To this end he facilitated an impressive multi-player game of the classic ‘thumb war’ with all attendees in the room to reiterate his point about using game play to remove other distractions.

Speakers at the launch also included Sam Goodall of Cambridge Cleantech who introduced the audience to an initiative run by the organisation called GreenSoul. The project aims to achieve higher energy efficiency in public buildings by altering the way people use energy consuming shared devices (lights, printers) and personal devices (personal pluggable appliances). GreenSoul dovetails with this year’s Big Gamification Challenge, set by REACTOR, Immersive Environments | A series of smart cities challenges.

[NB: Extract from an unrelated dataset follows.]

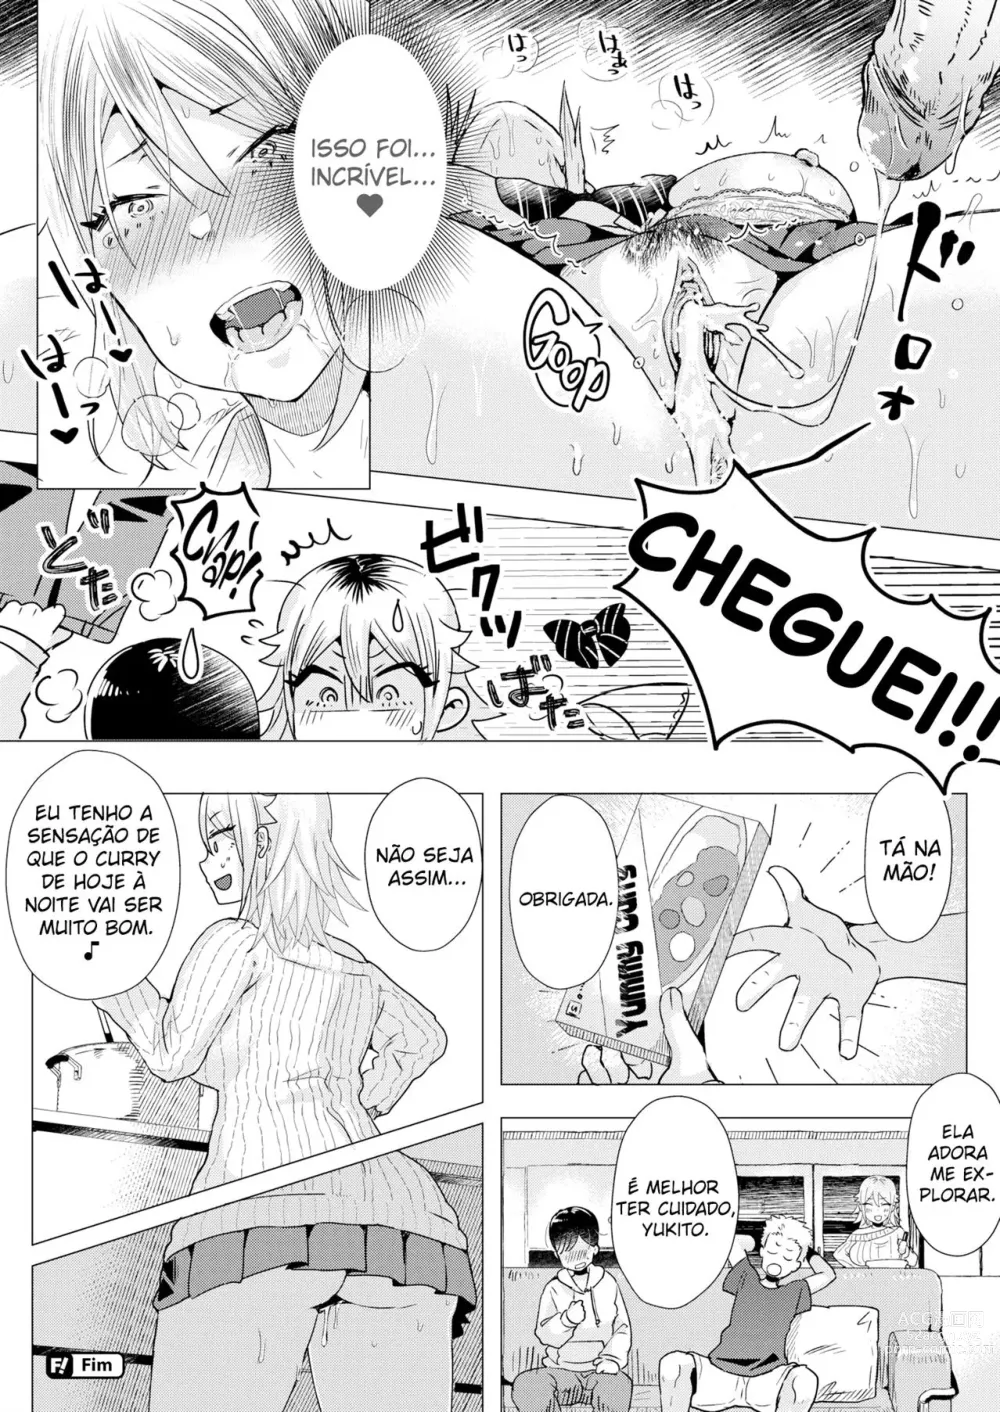 Page 22 of doujinshi Ataque repentino da mãe gyaru

Daniel Dearing from Cambridge Wireless discussed the many ways that gamification can support industry, commenting that Cambridge is a sweet spot of technology and that innovation should be viewed as a contact sport – confirming the importance of engaging with communities such as Cambridge Wireless.

James Shepherd from Cypherdelic, a Cambridge based company currently engaged with REACTOR, brought the event to a close with his presentation of ‘Alive: Rule the Seas’, a genetic evolution game that allows players to turn a single cell into an epic monster, learning about evolution as their avatar evolves.

Professor Martin Hewitt, Dean and Pro Vice Chancellor at Anglia Ruskin University (pictured at the launch event) commented on the opening of the Incubator Space:

“I am delighted that REACTOR is continuing to make progress. 

“We have an underlying desire to build links between the university and academics, students, research and enterprise. It’s fantastic to see that this activity is bearing fruit and I expect that this event is just the start of a series of productive conversations and collaborations.”